Jet engine generates 10 terabytes data every 30 minutes during the flight. Since thousands of flights are made every day, the volume of data reaches petabytes.

Big Data classification

Big data forms:

  • Structured
  • Unstructured
  • Semi-structured

Structured form

Data that can be stored, accessed and processed in a form with a fixed format is called structured. Behind long time Computer science has made great strides in improving techniques for working with this type of data (where the format is known in advance) and has learned to benefit. However, today there are already problems associated with the growth of volumes to sizes measured in the range of several zettabytes.

1 zettabyte equals a billion terabytes

Looking at these numbers, it is easy to see the veracity of the term Big Data and the difficulties associated with processing and storing such data.

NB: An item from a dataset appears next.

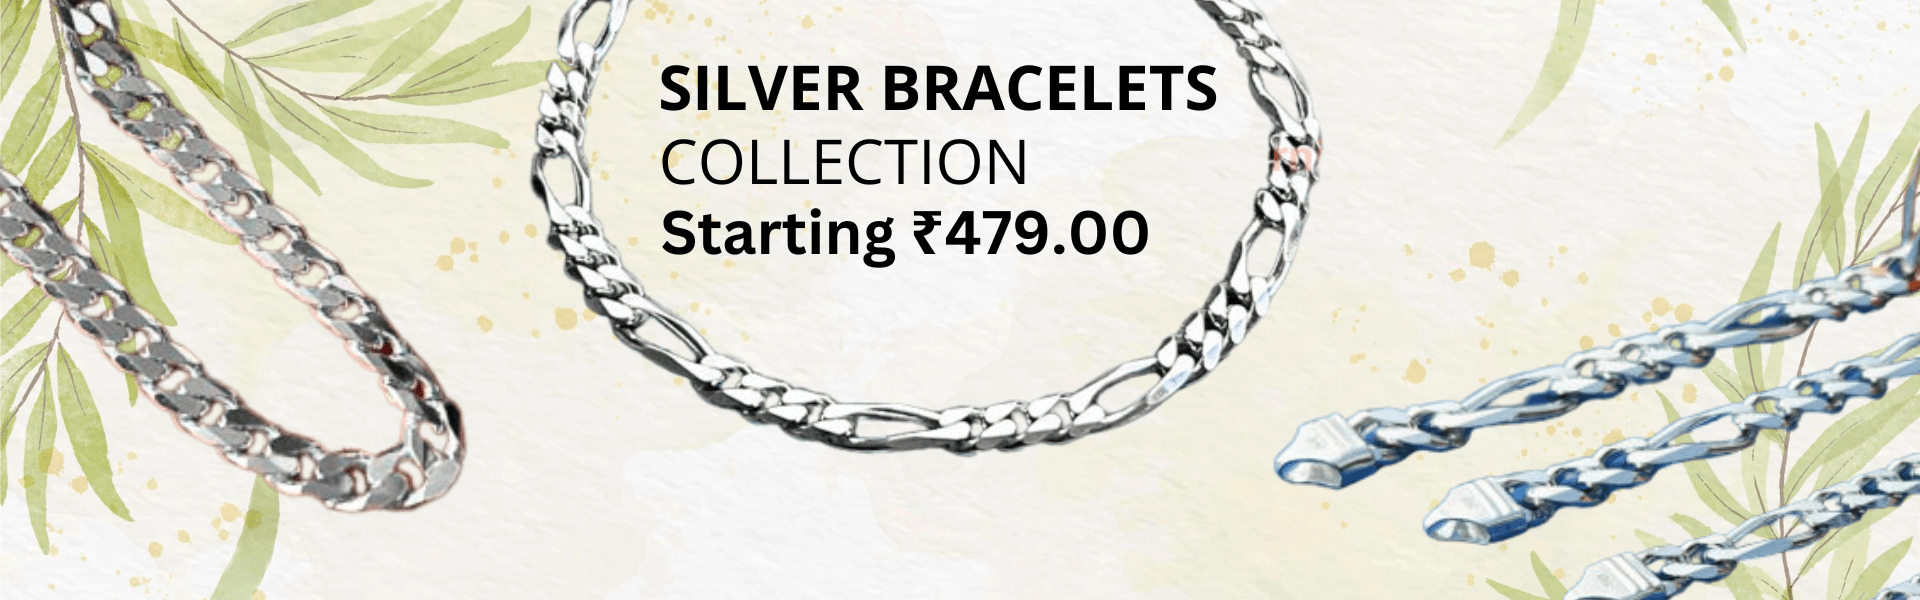 Buy pure silver bracelet online

Data stored in a relational database is structured and looks like, for example, tables of company employees

Unstructured form

Data of unknown structure is classified as unstructured. In addition to its large size, this shape is characterized by a number of difficulties in processing and extracting useful information. A typical example of unstructured data is a heterogeneous source containing a combination of simple text files, images and videos. Today, organizations have access to large amounts of raw or unstructured data, but do not know how to extract value from it.

Semi-structured form

This category contains both of those described above, so semi-structured data has some form, but is not actually defined using tables in relational databases. An example of this category is personal data provided in XML file.

Prashant RaoMale35 Seema R.Female41 Satish ManeMale29 Subrato RoyMale26 Jeremiah J.Male35

Characteristics of Big Data

Big Data growth over time:

Blue color represents structured data (Enterprise data), which is stored in relational databases. Other colors indicate unstructured data from various sources (IP telephony, devices and sensors, social networks and web applications).

According to Gartner, big data varies in volume, rate of generation, variety, and variability. Let's take a closer look at these characteristics.

  1. Volume. The term Big Data itself is associated with large size. Data size is a critical metric in determining the potential value to be extracted. Every day, 6 million people use digital media, generating an estimated 2.5 quintillion bytes of data. Therefore, volume is the first characteristic to consider.
  2. Diversity- the next aspect. It refers to heterogeneous sources and the nature of data, which can be either structured or unstructured. Previously, spreadsheets and databases were the only sources of information considered in most applications. Today, data is in the form of emails, photos, videos, PDF files, audio is also considered in analytical applications. This variety of unstructured data leads to problems in storage, mining and analysis: 27% of companies are not confident that they are working with the right data.
  3. Generation speed. How quickly data is accumulated and processed to meet requirements determines potential. Speed ​​determines the speed of information flow from sources - business processes, application logs, social networking and media sites, sensors, mobile devices. The flow of data is huge and continuous over time.
  4. Variability describes the variability of data at some points in time, which complicates processing and management. For example, most data is unstructured in nature.

Big Data analytics: what are the benefits of big data

Promotion of goods and services: Access to data from search engines and sites like Facebook and Twitter allows businesses to more accurately develop marketing strategies.

Improving service for customers: traditional systems feedback with customers are being replaced with new ones, in which Big Data and natural language processing are used to read and evaluate customer feedback.

Risk calculation associated with the release of a new product or service.

Operational efficiency: big data is structured in order to quickly extract the necessary information and quickly produce accurate results. This combination of Big Data and storage technologies helps organizations optimize their work with rarely used information.